Tak hanya masyarakat umum yang menjadi tokoh penting, tetapi brand atau merek juga harus mempertimbangkan adanya sebuah hubungan dengan pemangku kepentingan lainnya seperti pemasok, mitra bisnis, dan karyawan. Tantangan terbesarnya ialah menciptakan adanya pesan dan tindakan yang tidak hanya mampu memenuhi harapan para konsumen, namum juga men-support keseimbangan dan keadilan global.
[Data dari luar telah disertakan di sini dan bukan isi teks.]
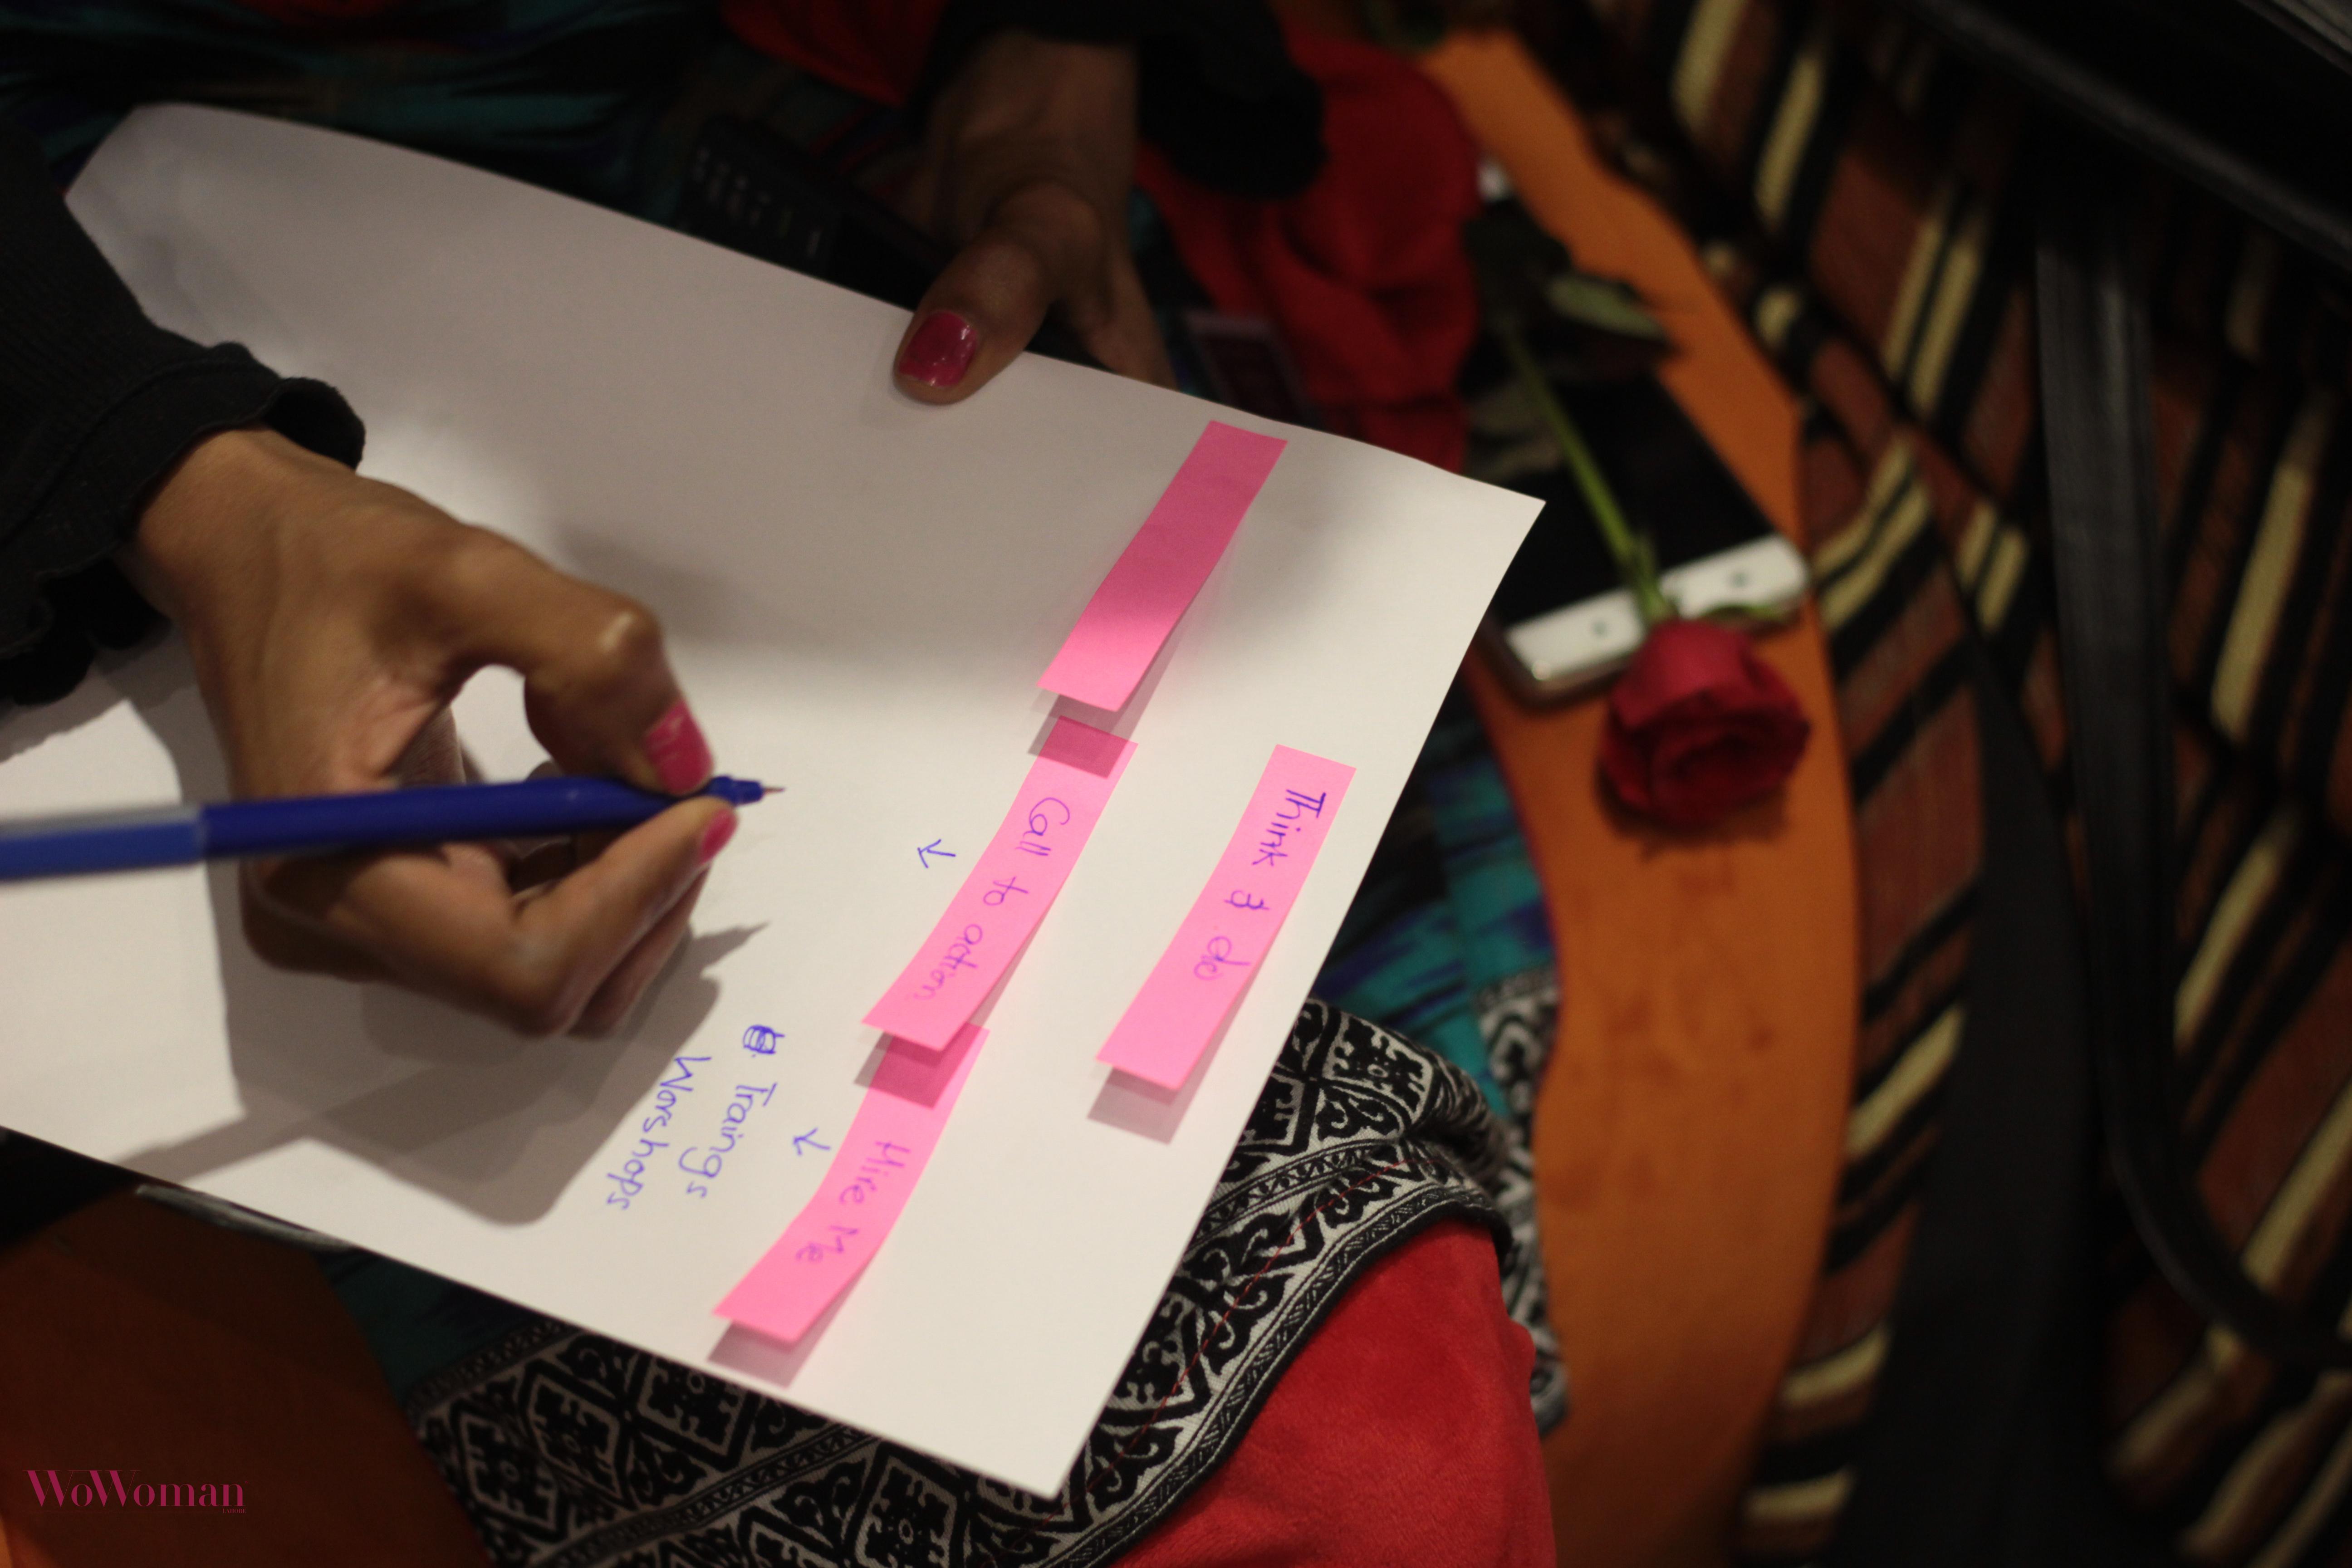 #SheBlogs event activity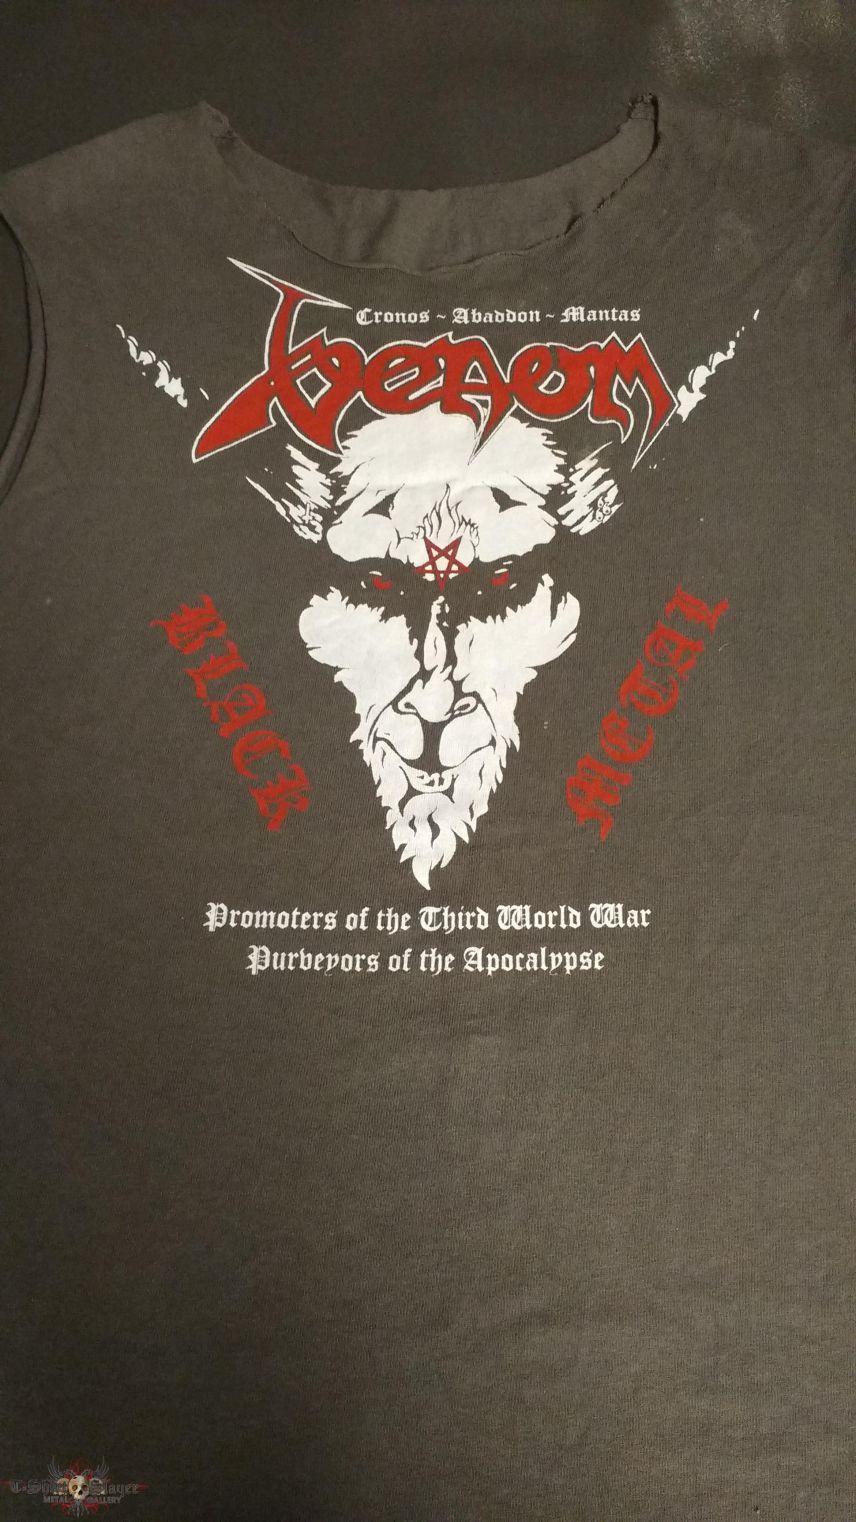 Venom - Black Metal shirt

Strategi Krisis yang Diperlukan
Brand yang saat ini masih terjebak dalam dilema ini harus benar-benar menyusun strategi krisis yang matang. Hal ini perlu melibatkan adanya identifikasi dan mitigasi risiko reputasi, penentuan framing pesan yang diinginkan, serta penguatan komitmen dari brand terhadap nilai-nilai fundamental mereka. Kesinambungan dan konsistensi dalam komunikasi menjadi tolak ukur untuk merangkai kembali kepercayaan dan dukungan dari publik.
Mengatasi Dilema dengan Bijak
Dalam mengatasi dilema ini, sebuah brand harus bisa membuktikan independensinya dan memperjelas nilai-nilai inti mereka kepada khalayak umum. Tidak cukup dengan hal itu, mereka juga perlu menjalin komunikasi terbuka dengan para konsumen, menjelaskan posisi mereka yang sebenarnya, serta memastikan bahwa tindakan mereka sesuai dengan nilai-nilai yang mereka anut. Untuk saat ini dilema ini tergolong sulit, dan juga dapat menjadi kesempatan bagi brand untuk merestorasi citra dan membuktikan komitmen mereka terhadap keadilan dan keseimbangan global.
Perlu adanya kebijaksanaan dan keberanian untuk mengelola nama baik sebuah brand ditengah isu-isu politik internasional yang tengah memanas. Dalam situasi ini, sebuah harus menjadi agen perubahan yang bijak serta mampu memberikan pembuktian bahwa mereka mampu membawa nilai positif ke dunia tanpa perlu terlibat dalam konflik politik yang rumit.